Geen contact en geen antwoord
Hij vindt niet wat hij zoekt. Zijn begeleider zegt dat hij zijn vraag kan mailen. Via het mailformulier op de website. Timo mailt: ‘Ik verdien weinig. Mijn koelkast is kapot. Waar kan ik die laten maken? Of waar kan ik goedkoop een nieuwe kopen? Kan ik hiervoor geld krijgen van de gemeente?’ Hij kreeg nooit antwoord op zijn vraag. Dat stelt hem teleur. Hij zegt: ‘Al die moeite heb ik voor niets gedaan.’
Vraag 3: hulp voor een dierenopleiding
Timo zoekt op de website van de gemeente naar informatie. Hij wil weten: ‘Bij wie moet ik zijn als ik een dierenopleiding wil volgen?’ Ook hierover vindt hij geen informatie op de website.
Timo schrikt van een bandje
Zijn begeleider laat het algemene telefoonnummer van Amsterdam zien. Het staat op de website. Vol goede moed belt Timo het nummer. Timo krijgt een bandje te horen. Daar schrikt hij van! Hij verbreekt de verbinding. Hij overlegt met zijn begeleider wat hij nu moet doen. Timo belt opnieuw. Hij is nu minder zeker van zichzelf. Hij krijgt een mevrouw aan de lijn. Het lukt Timo niet om zijn vraag duidelijk te stellen.
De telefoniste is ongeduldig
Timo zegt: ‘Ik wil iets met dieren gaan doen.’ De telefoniste vraagt nog een keer wat hij wil. Ze is ongeduldig. Timo voelt zich opgejaagd. Hij zegt dat hij graag informatie over een dierenopleiding wil.
De telefoniste praat op luide toon. Ze zegt: ‘Je moet niet bij de gemeente zijn.’ Ze vraagt:
‘Waarom bel je eigenlijk met de gemeente?’
Timo klapt helemaal dicht. Hij beëindigt het gesprek. Timo is na het gesprek helemaal van slag. Hij is verdrietig en boos tegelijk.
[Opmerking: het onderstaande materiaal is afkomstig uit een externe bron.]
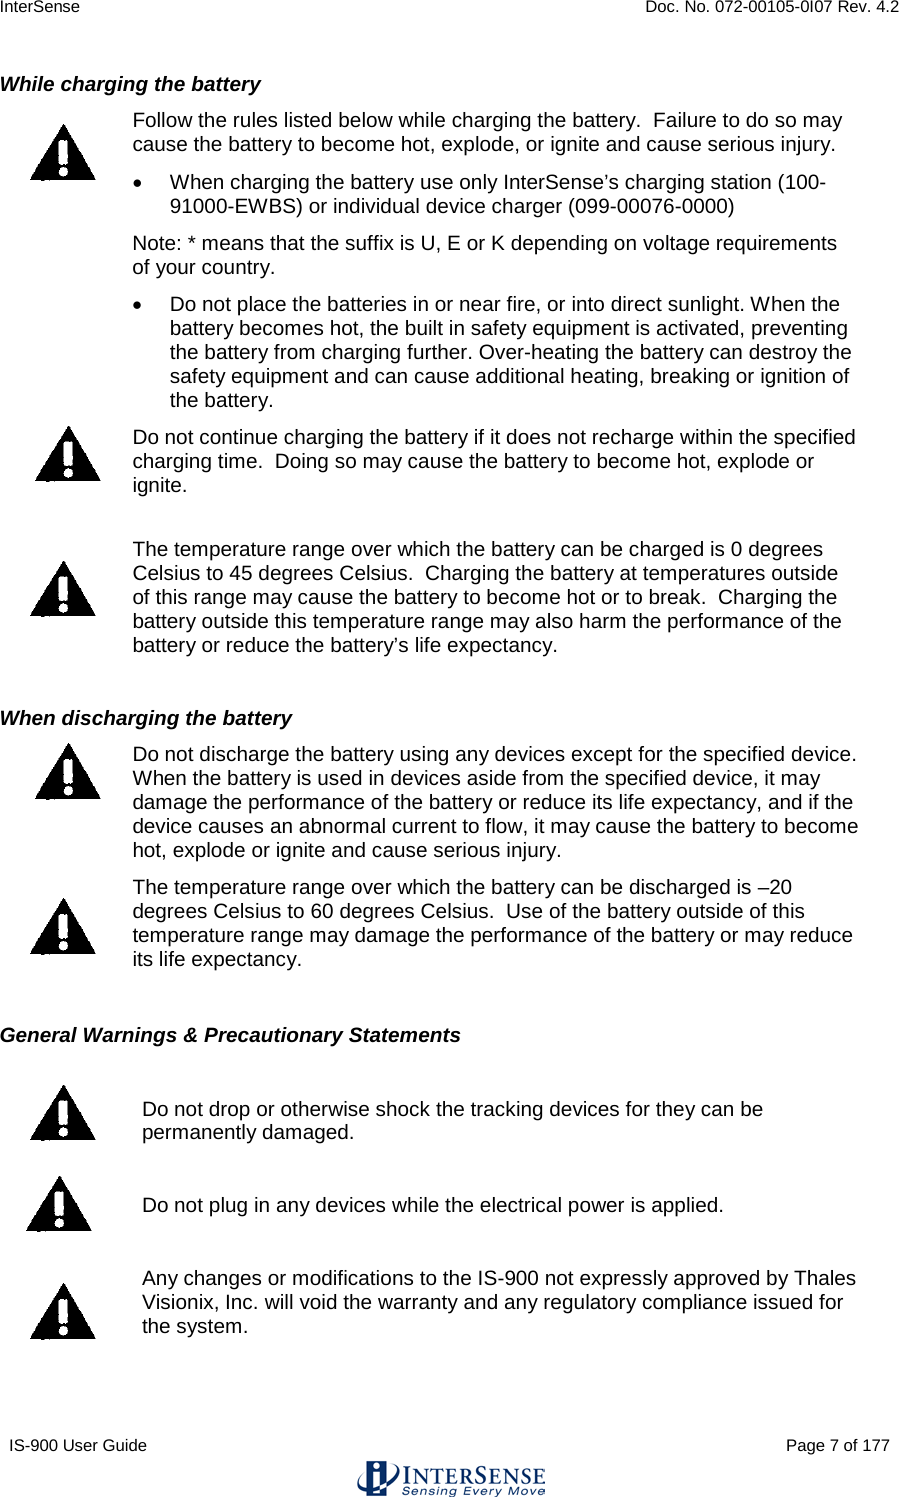 InterSense    Doc. No. 072-00105-0I07 Rev. 4.2 IS-900 User Guide                                                                                                                                          Page 7 of 177  While charging the battery  Follow the rules listed below while charging the battery.  Failure to do so may cause the battery to become hot, explode, or ignite and cause serious injury. • When charging the battery use only InterSense’s charging station (100-91000-EWBS) or individual device charger (099-00076-0000)   Note: * means that the suffix is U, E or K depending on voltage requirements of your country. • Do not place the batteries in or near fire, or into direct sunlight. When the battery becomes hot, the built in safety equipment is activated, preventing the battery from charging further. Over-heating the battery can destroy the safety equipment and can cause additional heating, breaking or ignition of the battery.  Do not continue charging the battery if it does not recharge within the specified charging time.  Doing so may cause the battery to become hot, explode or ignite.  The temperature range over which the battery can be charged is 0 degrees Celsius to 45 degrees Celsius.  Charging the battery at temperatures outside of this range may cause the battery to become hot or to break.  Charging the battery outside this temperature range may also harm the performance of the battery or reduce the battery’s life expectancy.  When discharging the battery  Do not discharge the battery using any devices except for the specified device.  When the battery is used in devices aside from the specified device, it may damage the performance of the battery or reduce its life expectancy, and if the device causes an abnormal current to flow, it may cause the battery to become hot, explode or ignite and cause serious injury.  The temperature range over which the battery can be discharged is –20 degrees Celsius to 60 degrees Celsius.  Use of the battery outside of this temperature range may damage the performance of the battery or may reduce its life expectancy.  General Warnings &amp; Precautionary Statements   Do not drop or otherwise shock the tracking devices for they can be permanently damaged.  Do not plug in any devices while the electrical power is applied.   Any changes or modifications to the IS-900 not expressly approved by Thales Visionix, Inc. will void the warranty and any regulatory compliance issued for the system.

‘Als ik weer iets heb, ga ik er naartoe. Mensen moeten mij gewoon behandelen. Ik had verwacht dat ze het voor mij zou uitzoeken. En dat ze me terug zou bellen. Wat een groot verschil met die mevrouw bij het bezoek aan het sociaal loket.’ Timo wil niet meer verder met het project.
In het kort: loketmedewerkers zijn aardig. Maar de website is moeilijk. Mailen en bellen heeft geen zin.
De medewerkers aan de balie en bij het sociaal loket hielpen Timo goed. Dat vindt hij. Ze waren vriendelijk. Ze vroegen goed door. Hij voelde zich serieus genomen. Ze legden de volgende stappen duidelijk uit. De afspraak kreeg Timo op papier mee. Dat is mooi. Hij kreeg ook een mail met afspraken. Dat doet de gemeente goed. Timo heeft nog een tip voor de medewerkers: vraag na of iemand de hulp ook gekregen heeft.
De medewerker aan de telefoon behandelde hem niet goed
Timo vindt de website te moeilijk. Je vindt daarop niet wat je zoekt. Een vraag stellen via mail heeft volgens Timo geen zin. ‘Je krijgt geen antwoord’. Bellen heeft ook geen zin, vindt hij. ‘Ze hielp mij niet. Ze behandelde mij niet goed. Dan stop ik er gelijk mee.’